OBJECTIVE: To clarify the issues of generalizability arising from the use of instrumental variable (IV) methods to estimate treatment effects in nonexperimental medical outcome studies. DATA SOURCE: We generate Monte Carlo data designed to resemble typical data sets where detailed health status information is unavailable and the treatment assignment process is unobserved. The model used to generate our data makes the realistic assumption that unobservable health status characteristics of patients influence the treatment assignment process and the effectiveness of treatment. STUDY DESIGN: We use Monte Carlo data to illustrate the circumstances where IV estimates generalize to an unobservable patient subpopulation and those where IV estimates generalize to the entire patient population represented by the sample used in the analysis. We also simulate the effect of two policy changes that affect practice patterns. Further, we show that IV estimates are useful for predicting the effect of these changes on treatment effectiveness when the subpopulation to which the IV estimate refers is the same or very similar to the population whose treatment status is affected by the policy change. CONCLUSIONS: Health services researchers cannot take for granted that IV estimates generalize to the same population represented by the sample used for analysis. Instead, researchers must rely on their knowledge of clinical practice and theory regarding the treatment assignment process in interpreting their results and in predicting the effect of changes in practice patterns.

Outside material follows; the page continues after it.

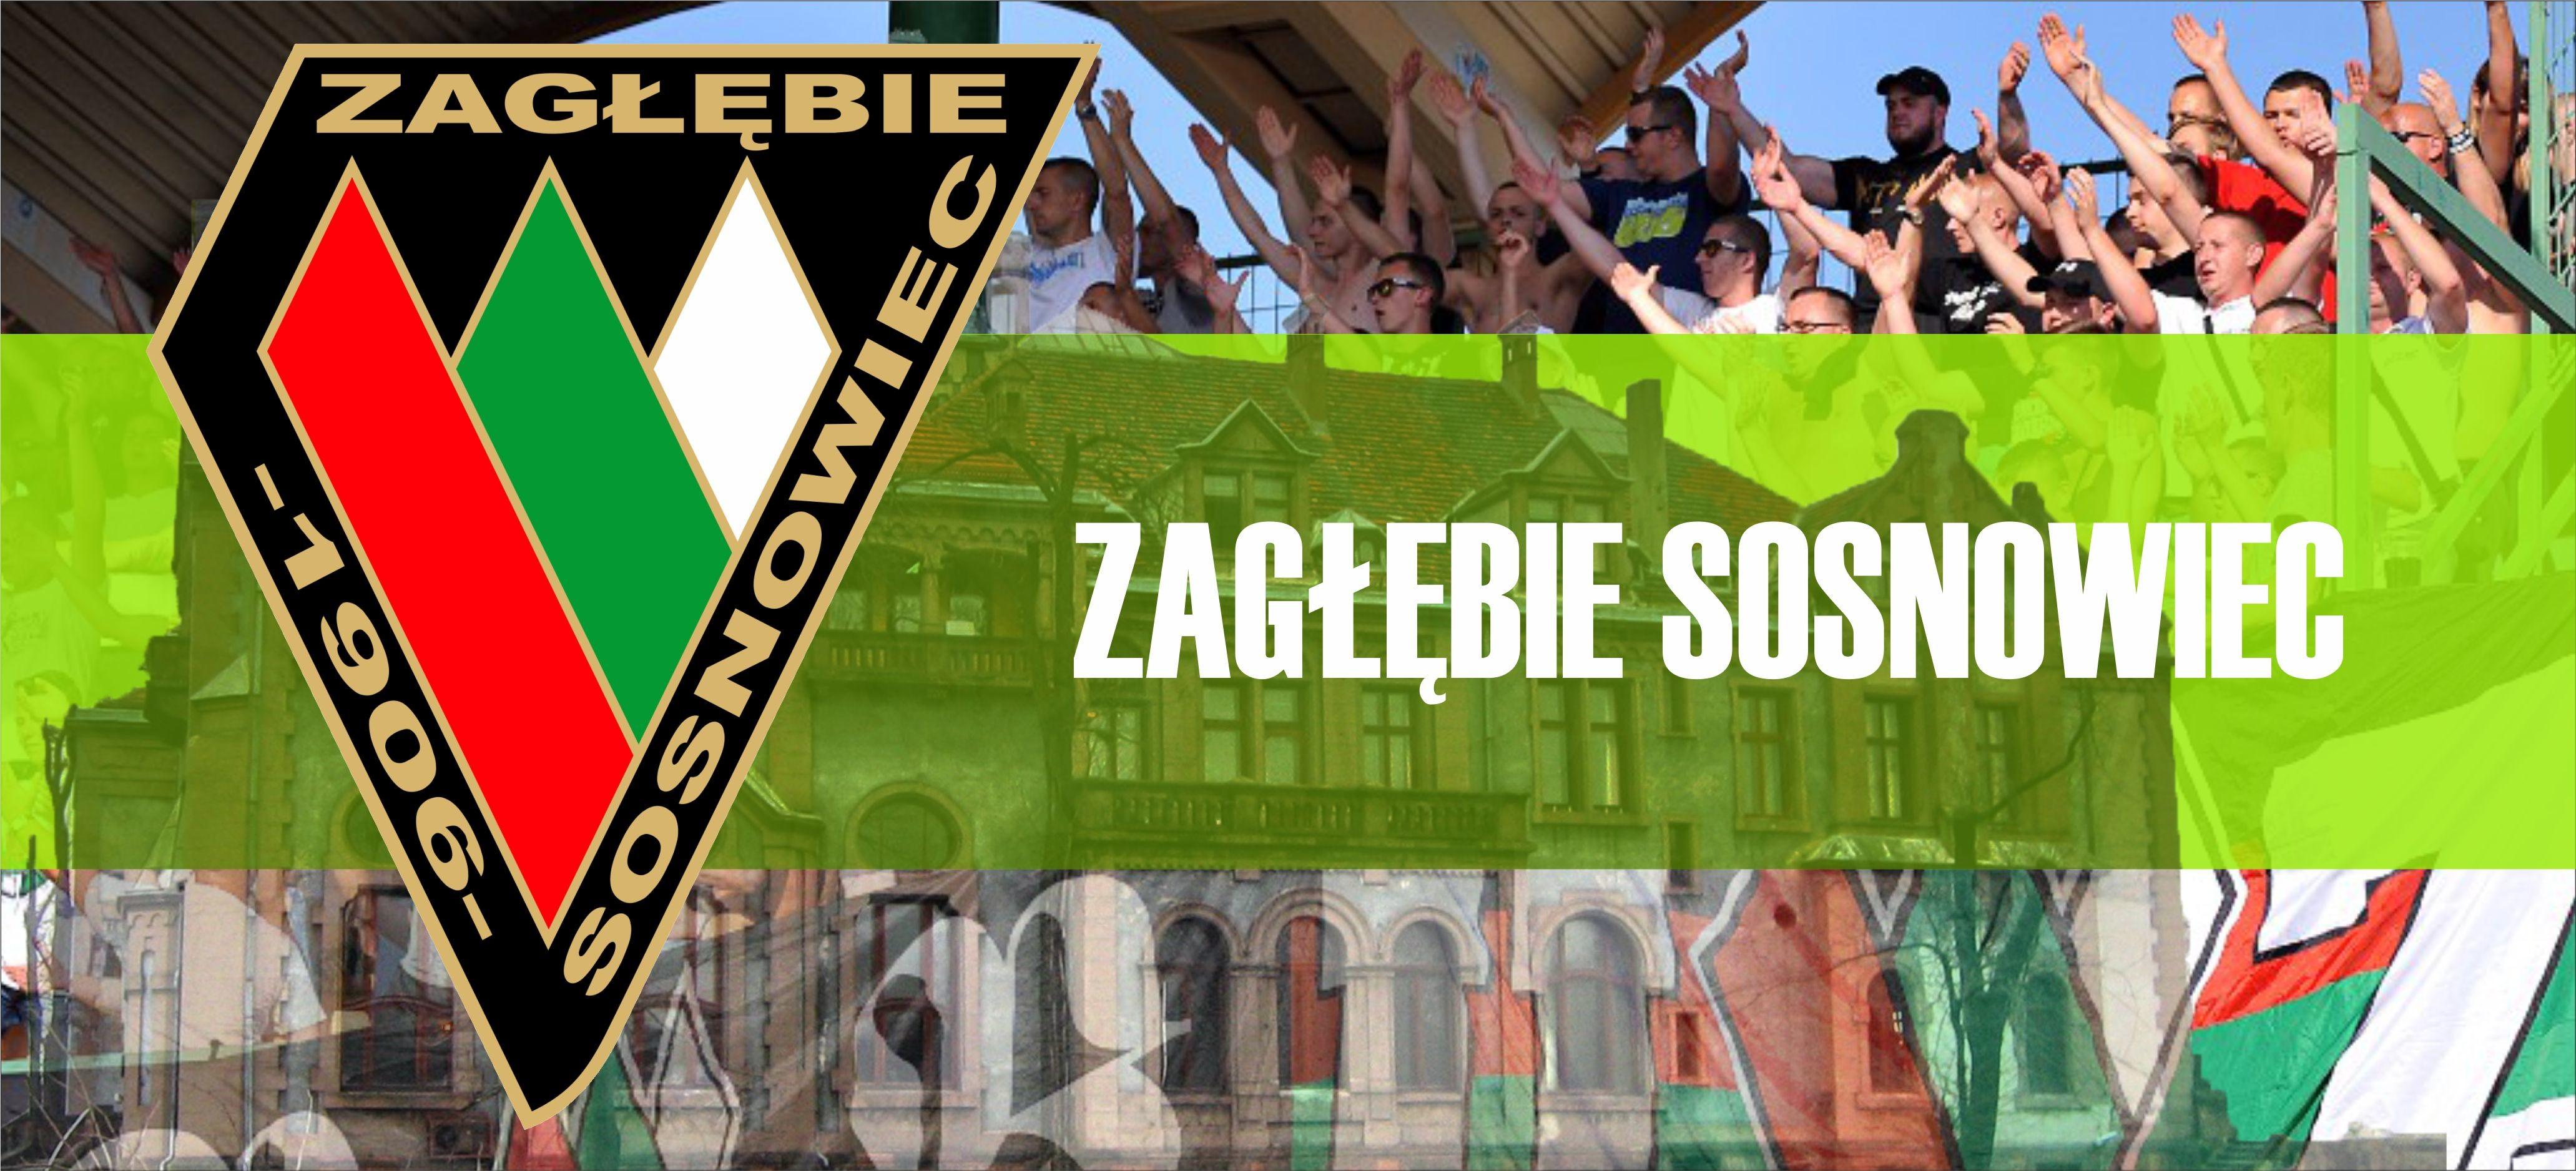 Skarb kibica I ligi: Zagłębie Sosnowiec – o powrót będzie trudno
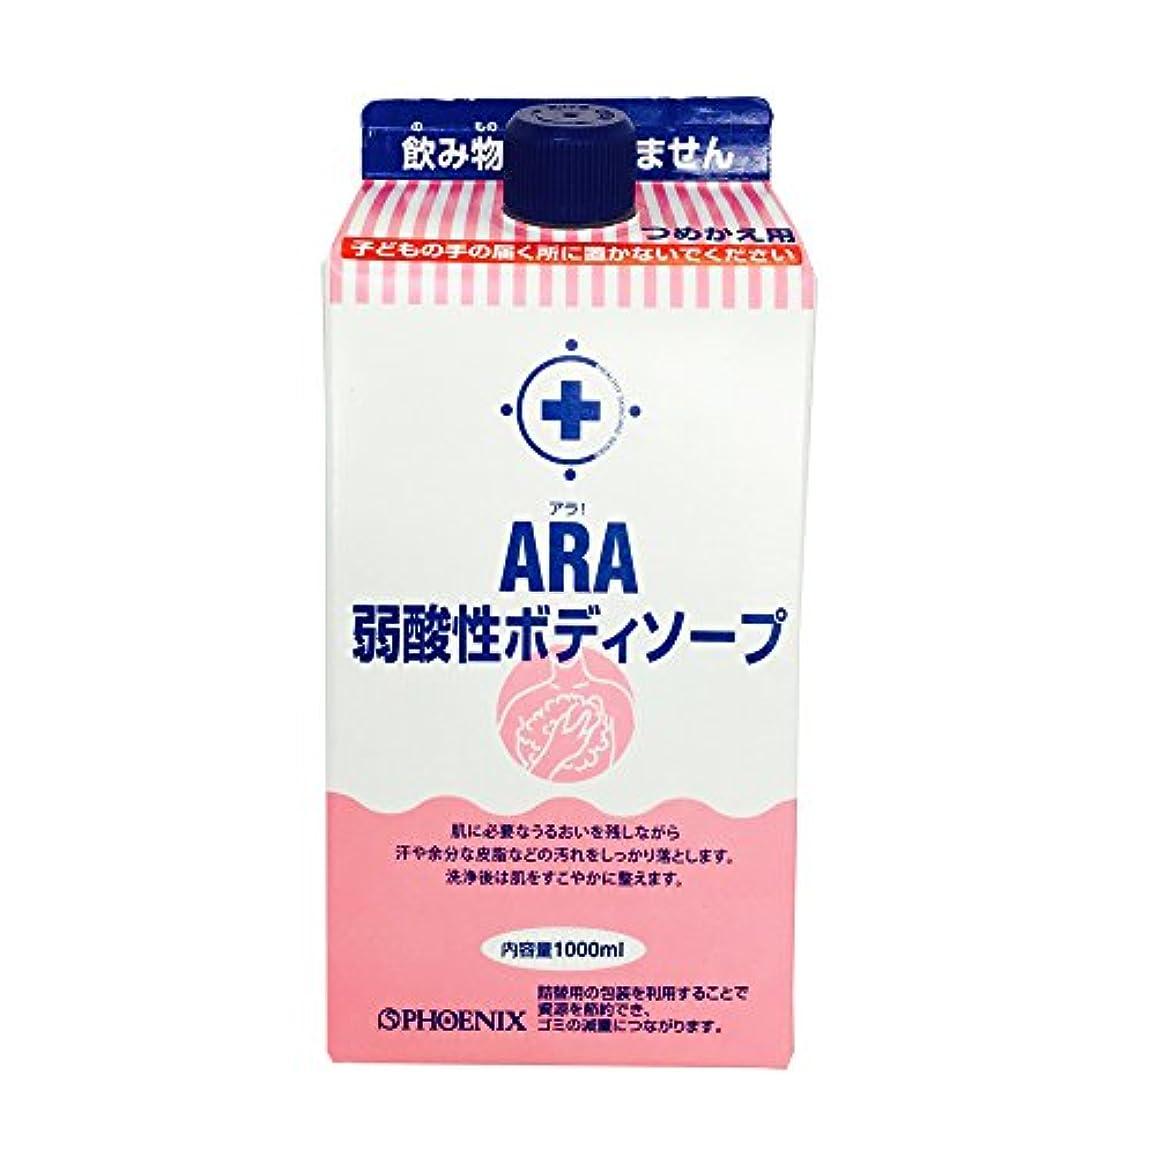 簡単にネット配るアラ弱酸性ボディソープ 1L 1本

机译:目的:阐明在非实验性医学结果研究中使用工具变量(IV)方法评估治疗效果所引起的普遍性问题。数据来源:我们生成的蒙特卡洛数据类似于典型的数据集,在这些数据集中无法获得详细的健康状态信息,而无法观察到治疗分配过程。用于生成数据的模型做出了一个现实的假设,即患者无法观察到的健康状况特征会影响治疗分配过程和治疗效果。研究设计:我们使用蒙特卡洛数据来说明IV估计普遍适用于无法观察的患者亚群以及IV估计普遍适用于分析所用样品代表的整个患者人群的情况。我们还模拟了两个影响实践模式的政策变化的影响。此外,我们显示,当IV估算所涉及的亚群与其治疗状况受政策变化影响的人群相同或非常相似时,IV估算可用于预测这些变化对治疗效果的影响。结论:卫生服务研究人员不能认为IV估计值可以推广到用于分析的样本所代表的同一人群。取而代之的是,研究人员在解释其结果和预测实践模式变化的影响时,必须依靠他们对治疗分配过程的临床实践和理论知识。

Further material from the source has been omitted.